Charlotte Ward was 14 when she met Love unexpectedly after attending a UVA women’s lacrosse match in 2009. It was immediately after UVA played Harvard at Harvard, Ward was hoping to get some of the player’s autographs but couldn’t seem to work up the nerve to ask.

And that’s when Love spotted Ward.

One Love Foundation/YouTube

After introducing herself to Ward, Love didn’t just offer her own autograph, but she took the time to introduce Ward to every single member of her team and as a result, ended up with an entire poster of autographs.

“After that interaction, she was my favorite player because of how she made me feel,” Ward told ESPN. “She made me feel like I had value … like I was one of them. She made me feel capable of realizing my dream.”

And those dreams became a reality after being recruited by Stanford to play lacrosse where she became a two-time captain. And like Love, Ward wasn’t the best, but she became a light for her team. Something, she says she learned from that brief 10 minutes with Yeardley in 2009.

“She’s someone I’ll carry with me forever.”

In 2012, Huguely was found guilty of second-degree murder and grand larceny. He was sentenced to 23 years in prison. Although he has appealed his conviction multiple times, Huguely remains behind bars eight years later.

Now, her mom, Sharon Love, continues to use the foundation to help young people understand what abuse is and signs they can look for to help spot it. Those who new Love and Huguely at the time of their relationship say looking back, now that they know and understand some of the signs of an abusive relationship, it was all there.

From his excessive drinking and violent behavior that came along with it, to stories of Huguely chocking Love and more. Once, after she downplayed an incident to her mom, Sharon encouraged her daughter to call the police.

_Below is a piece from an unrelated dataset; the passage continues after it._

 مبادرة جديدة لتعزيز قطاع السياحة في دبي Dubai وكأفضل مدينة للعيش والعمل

Instead, Yeardley just ended her relationship with Huguely altogether and looked forward to her move to New York where she would be far away from him.

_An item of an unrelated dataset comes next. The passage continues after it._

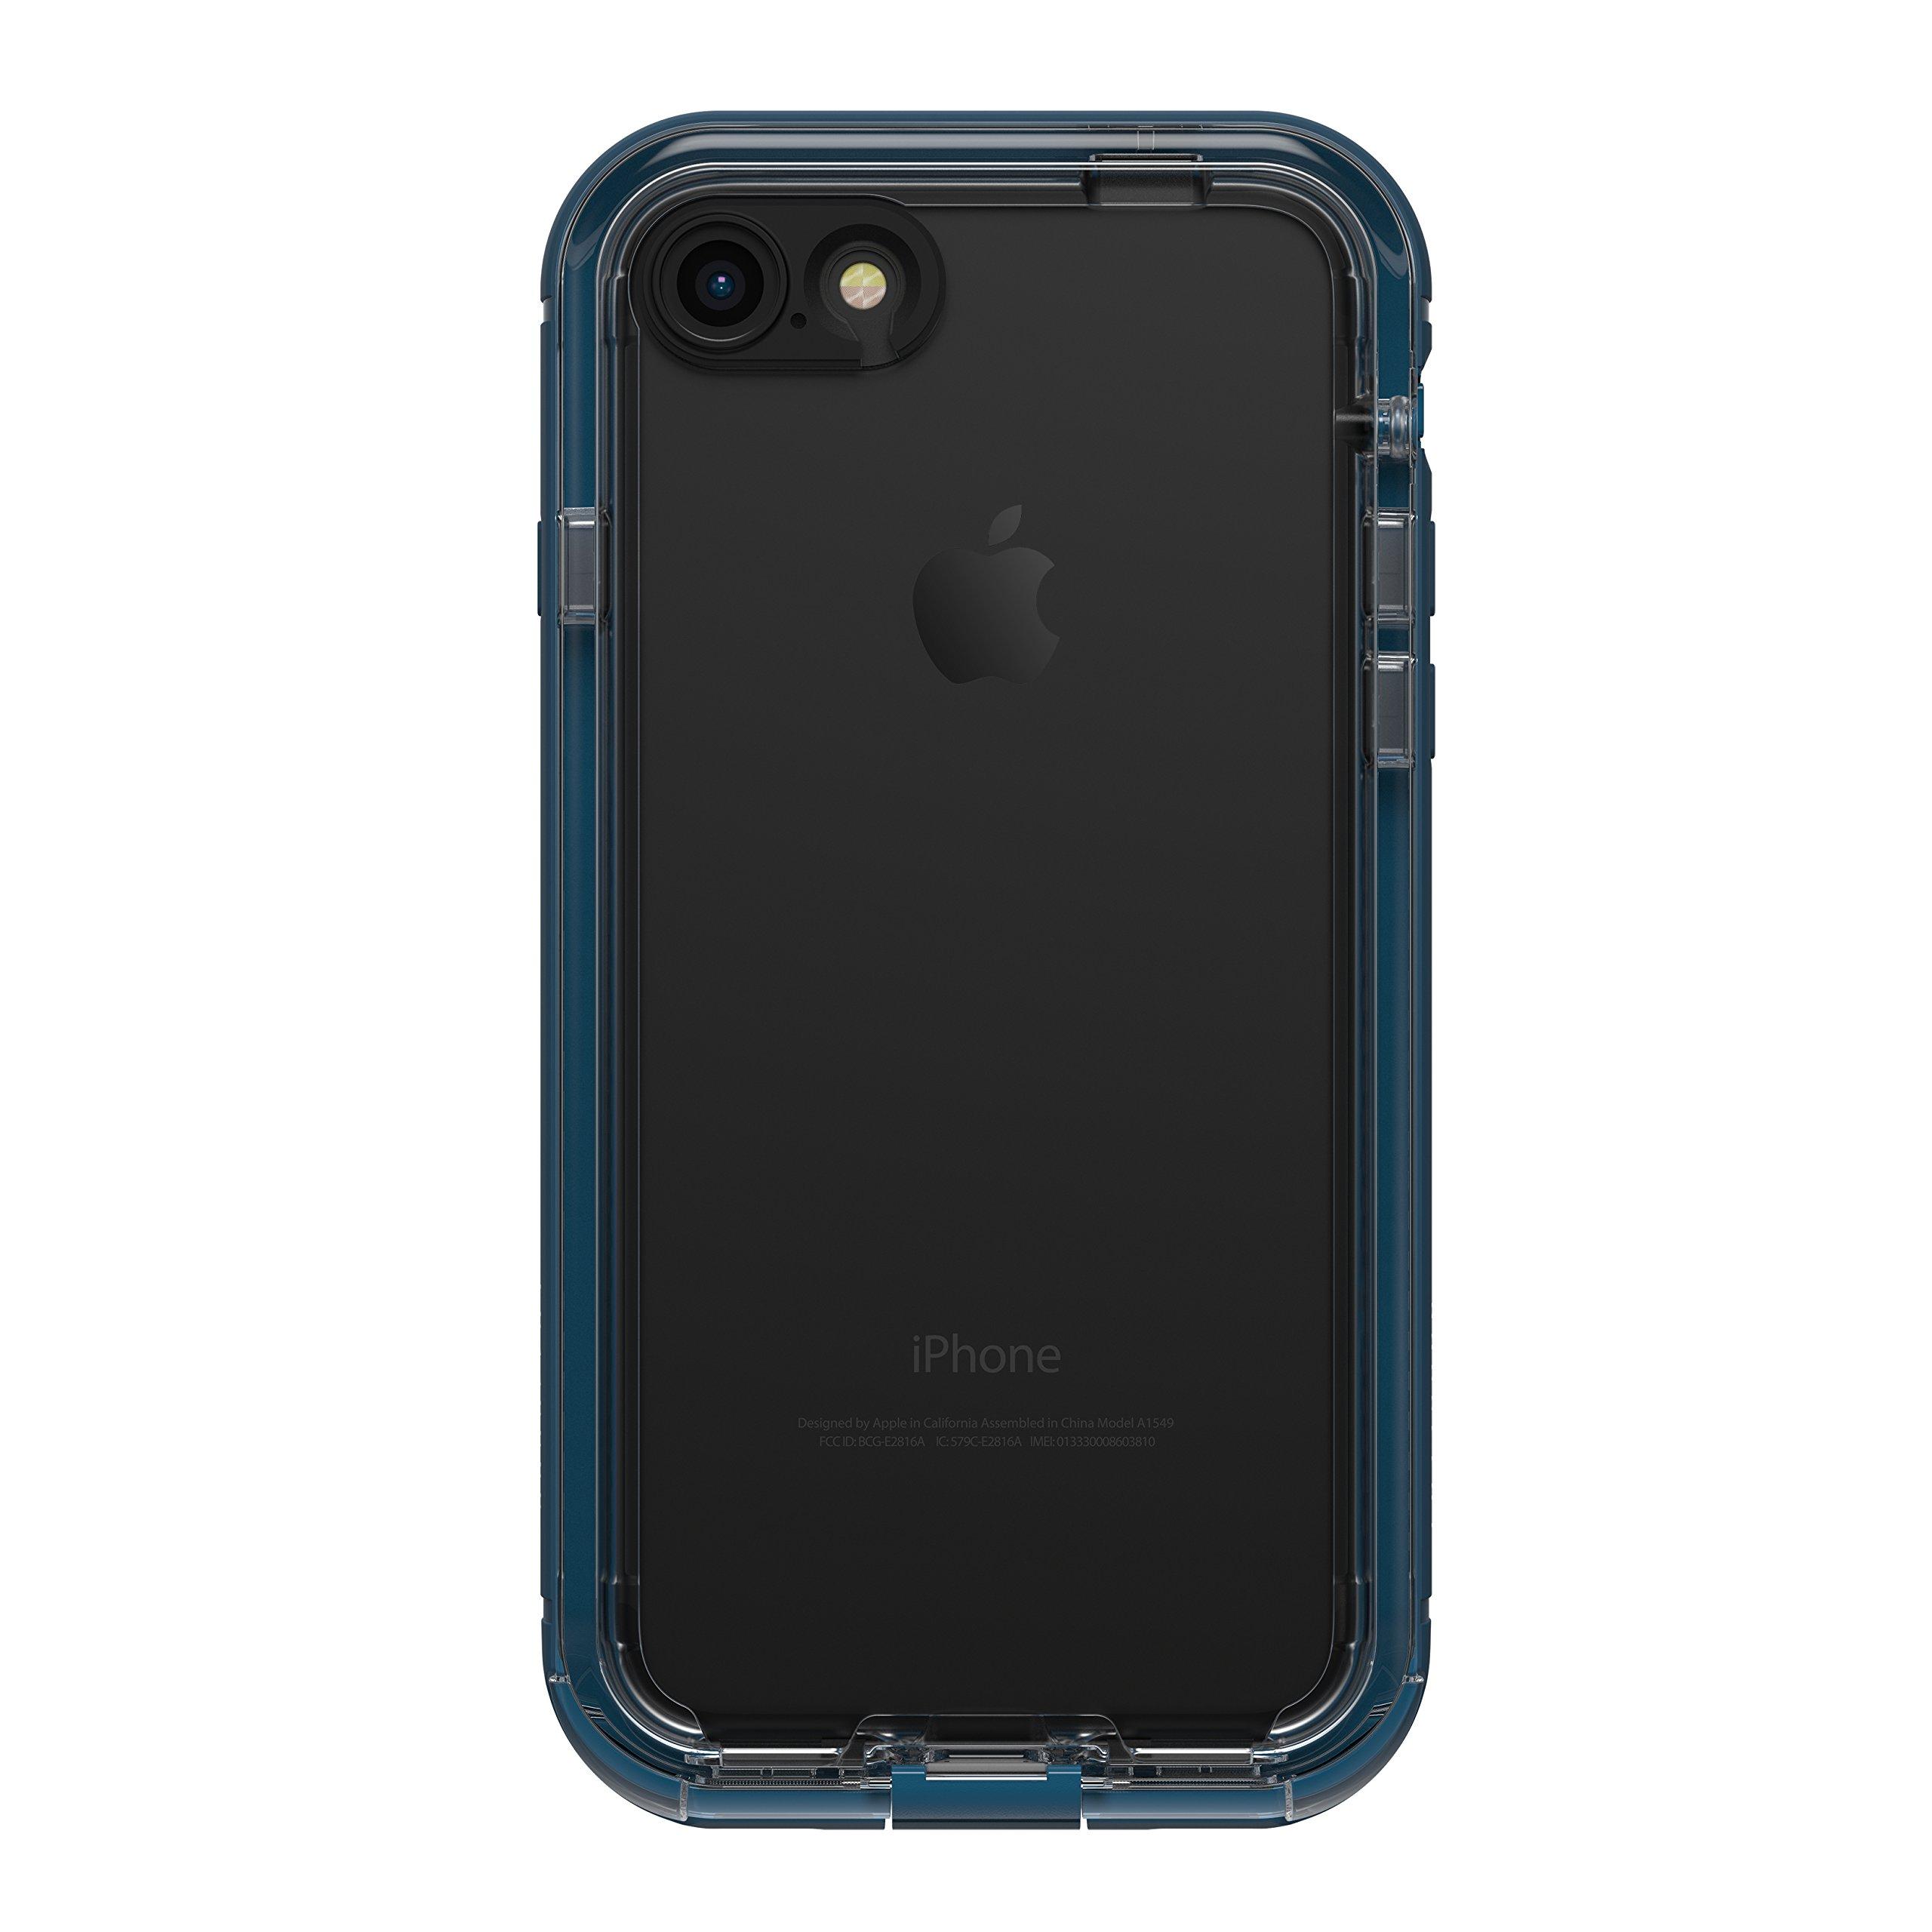 LifeProof NÜÜD SERIES Waterproof Case for iPhone 7 (ONLY) - Retail Packaging - MIDNIGHT INDIGO (INDIGO/BLAZER BLUE/CLEAR)

“I want it to do for domestic violence what Mothers Against Drunk Drivers did for drunk driving,” Sharon said to a group of friends 10 years ago, according to ESPN, and that’s when One Love was born.

According to its website, the foundation “works with young people across the country to raise awareness about the warning signs of abuse and activate communities to work to change the statistics around relationship violence.”

From online workshops to facts and figures, the Foundation continues to grow 10 years after Love’s death. “The number of years doesn’t change anything,” Sharon told ESPN. “It can feel like 100 years ago one day and 10 minutes another day. Her friends getting married and having babies … that’s what makes me miss her the most.”